* **Required work**
The data should be written out in full, exactly as it stands, and the pictures dropped.

* **Information provided**
[Start of Attachment]
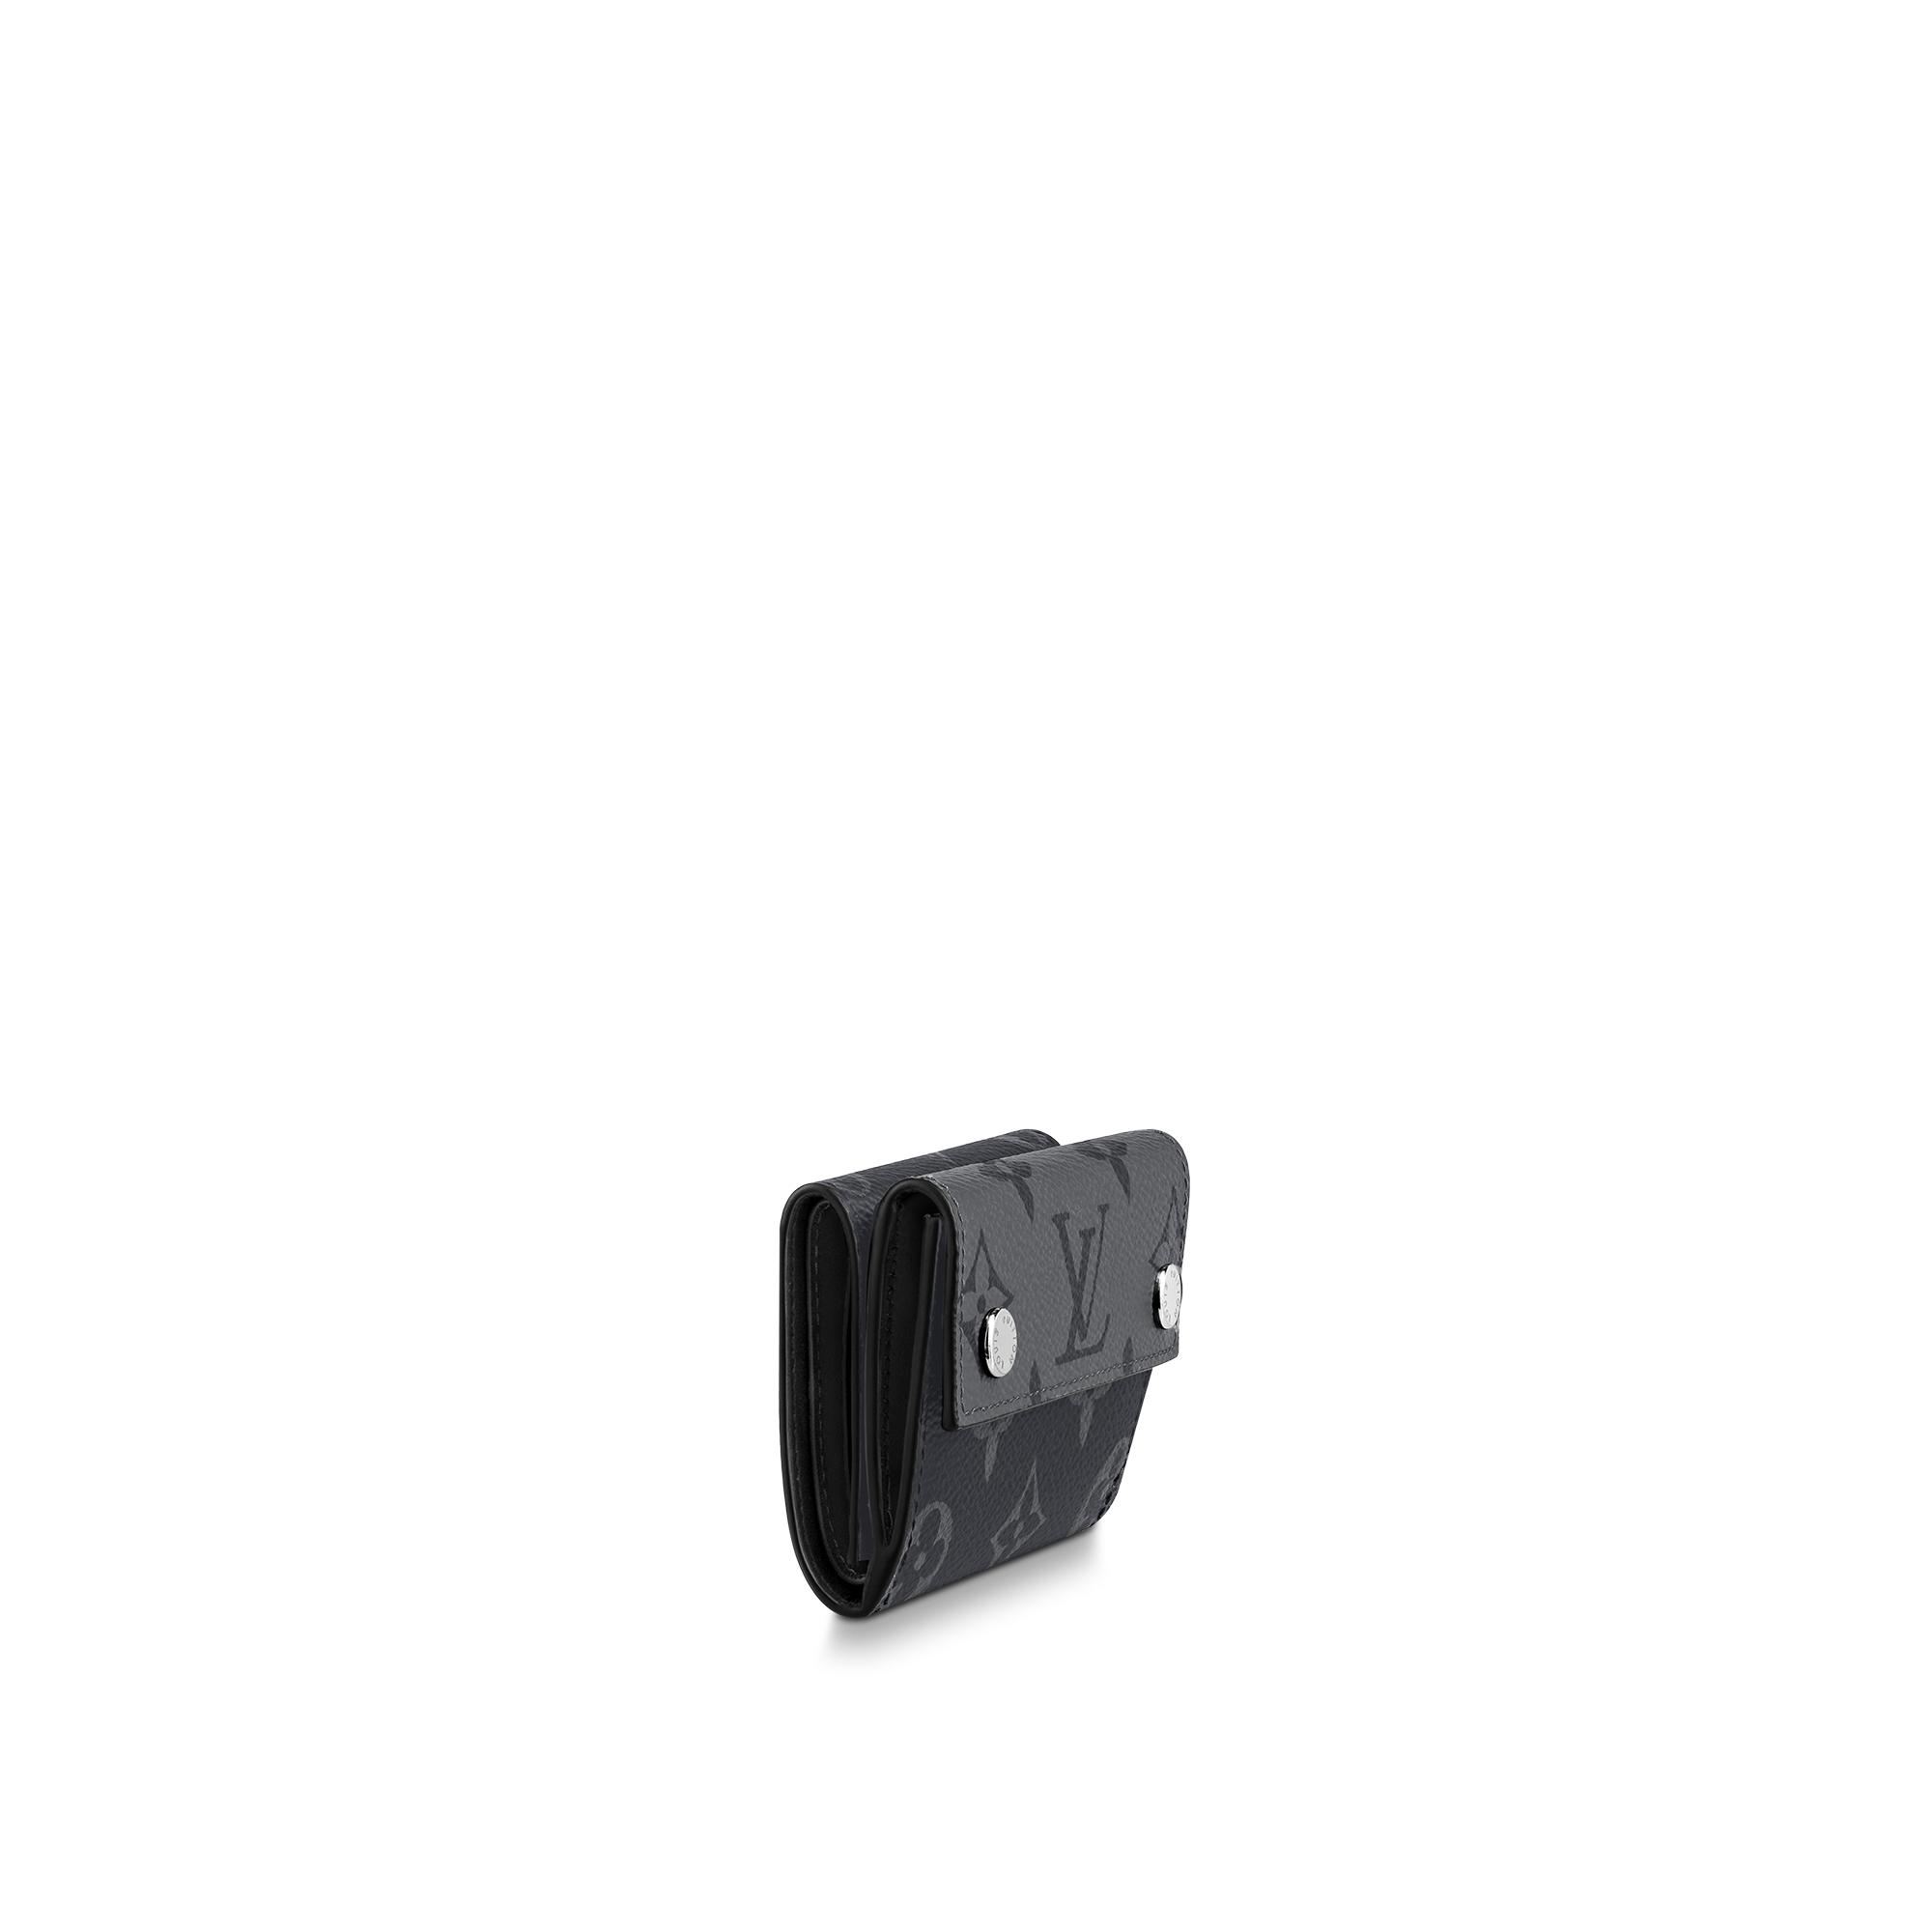 LV M45417 Eclipse Reverse Discovery 短款钱夹
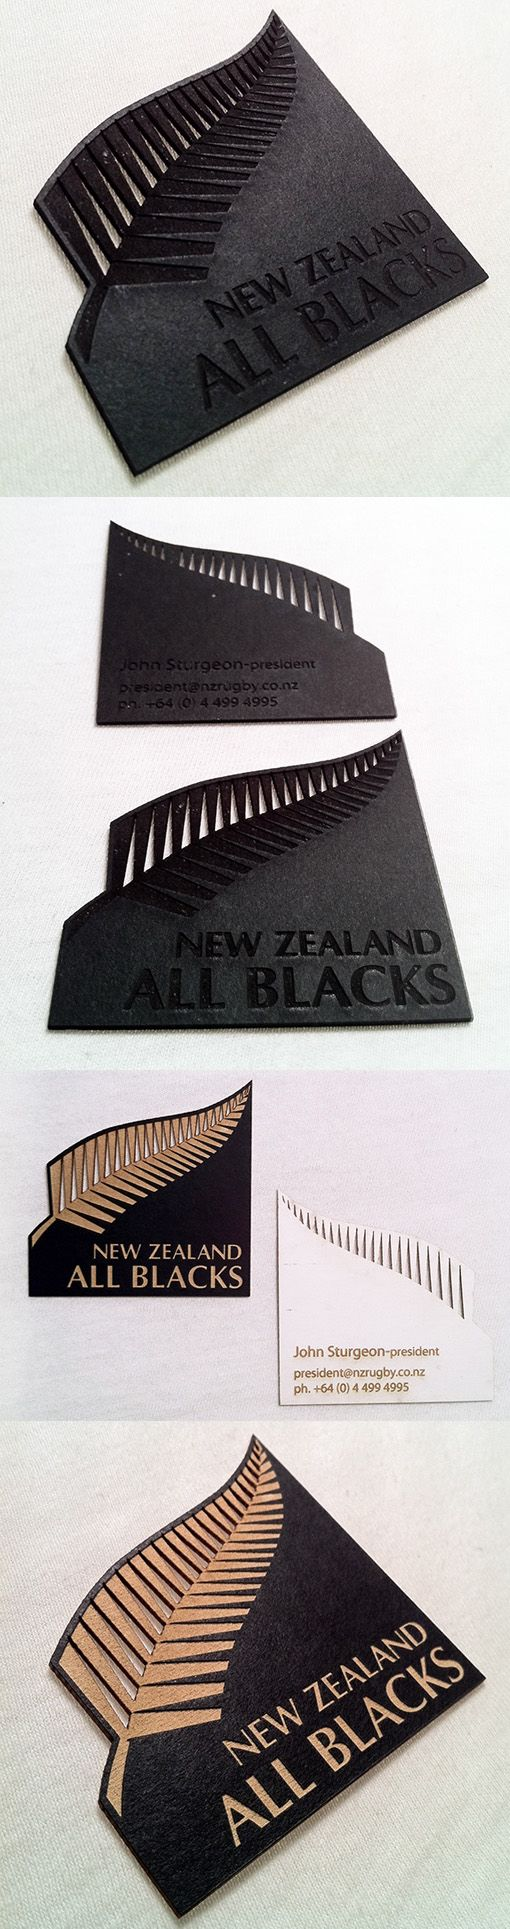 Pin On Graphic Design Stuff
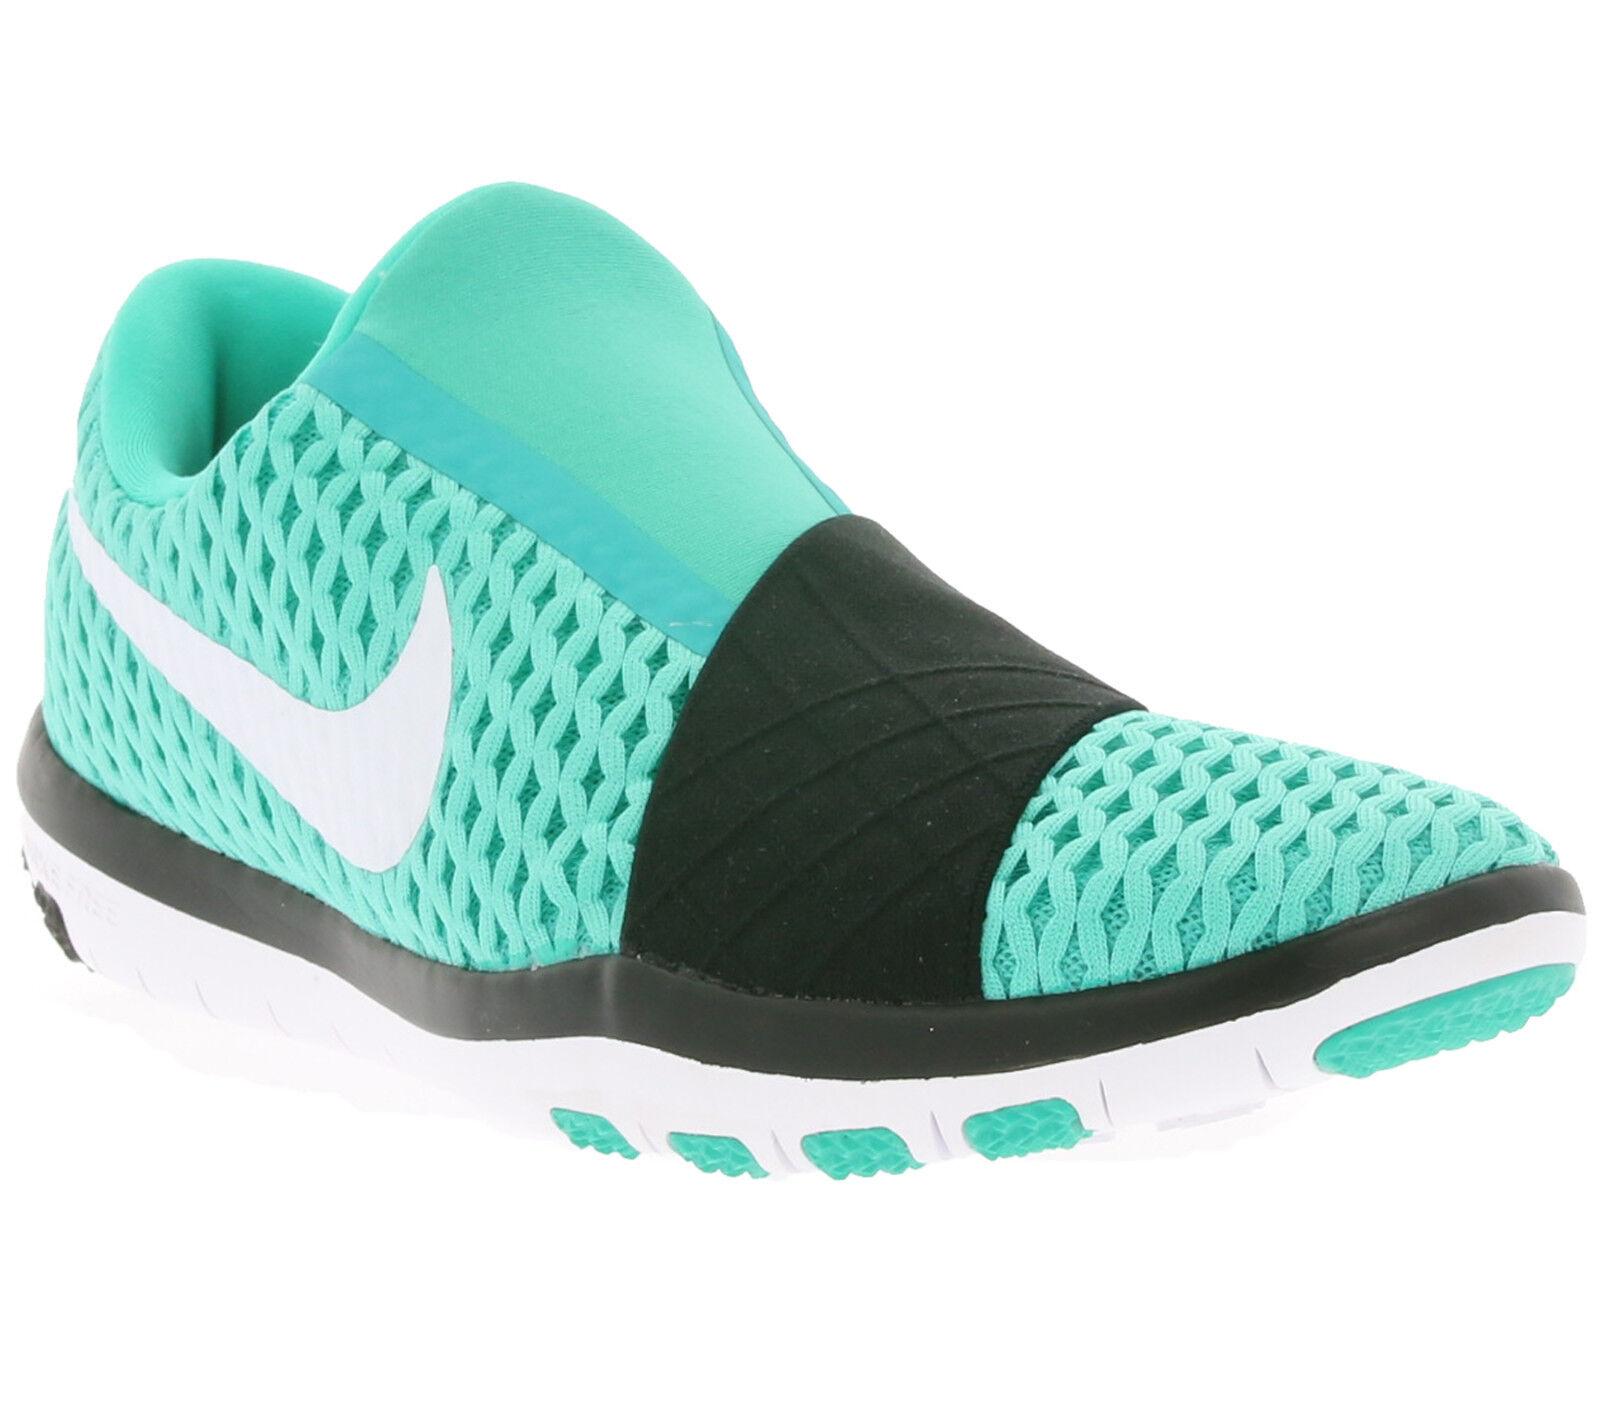 Nike Free Schuhe 3.0 V4 Holzkohle Grün
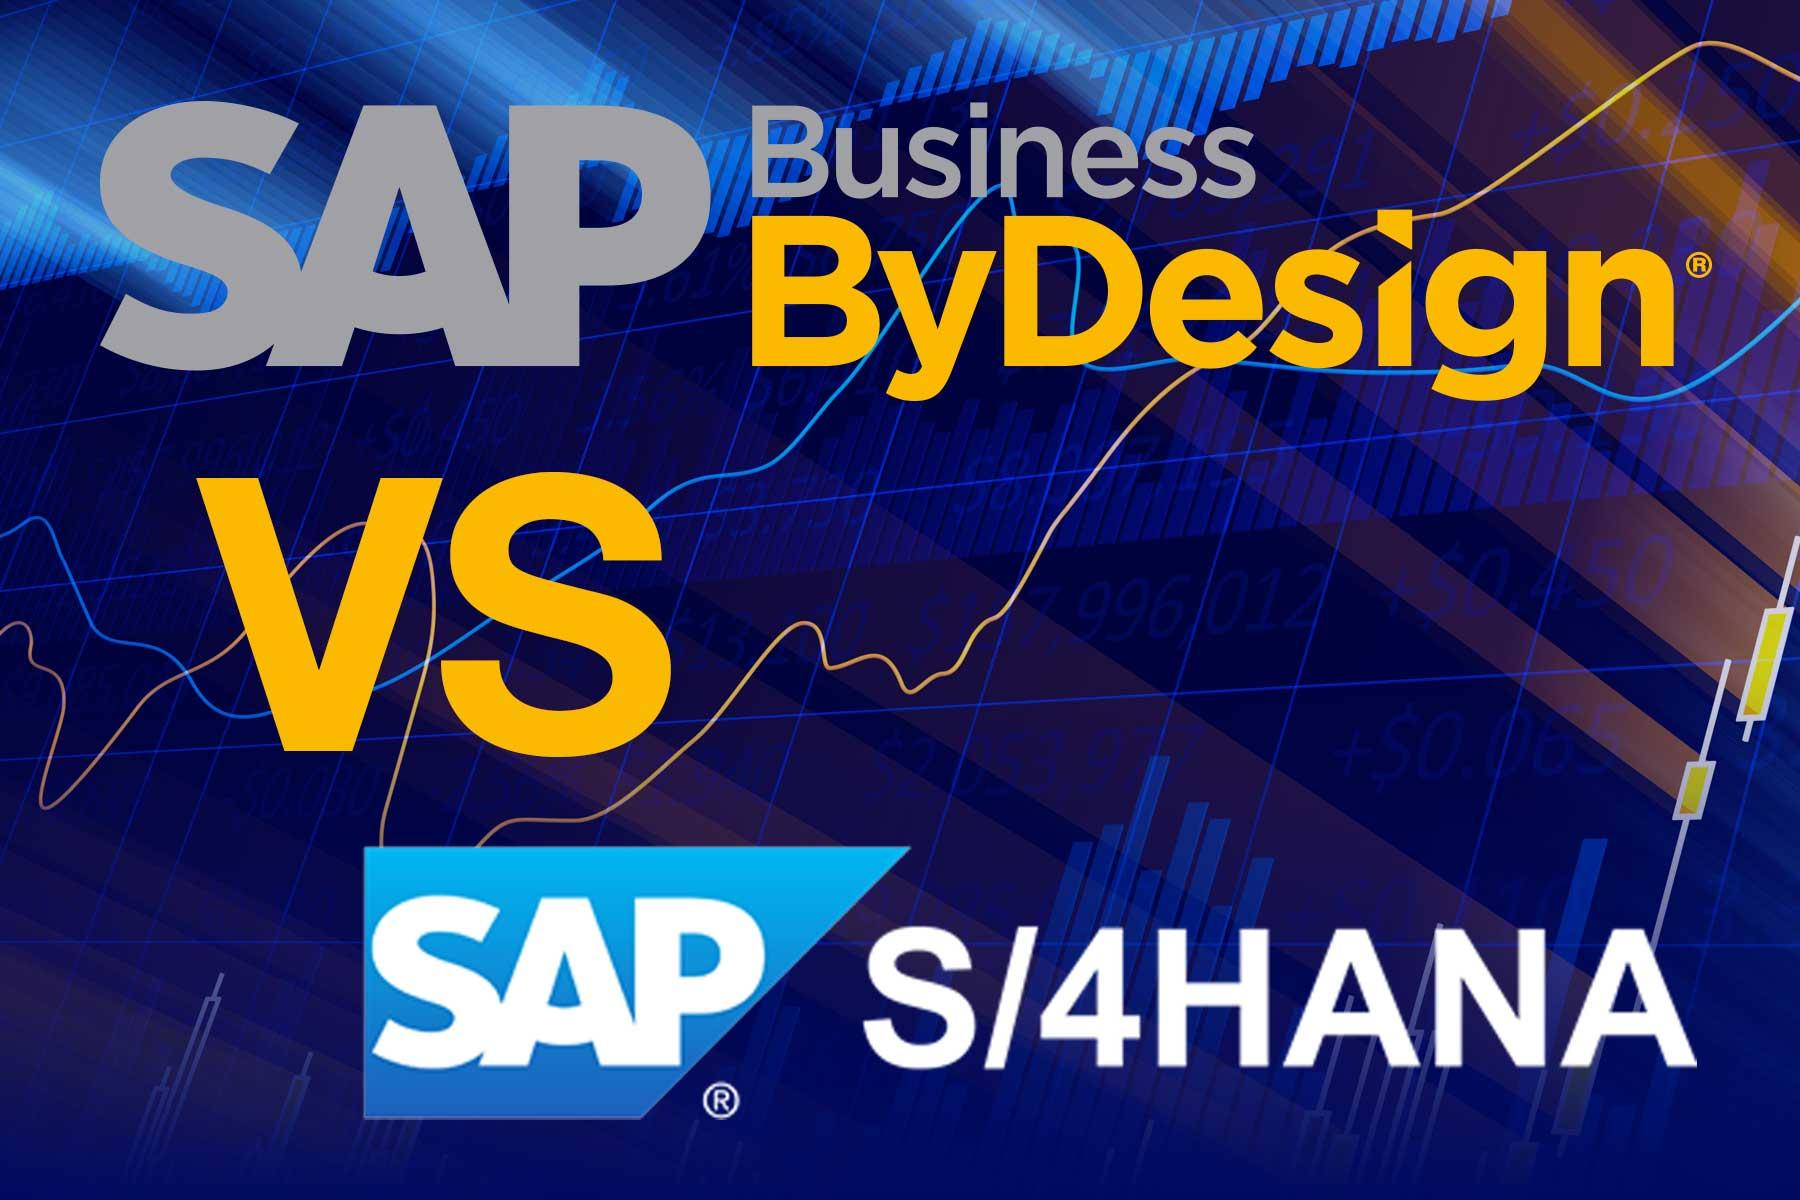 SAP Business ByDesign vs SAP S/4HANA
[End of Attachment]
* **Result**
 LV M45417 Eclipse Reverse Discovery 短款钱夹
 Pin On Graphic Design Stuff
 Nike Free Schuhe 3.0 V4 Holzkohle Grün
 SAP Business ByDesign vs SAP S/4HANA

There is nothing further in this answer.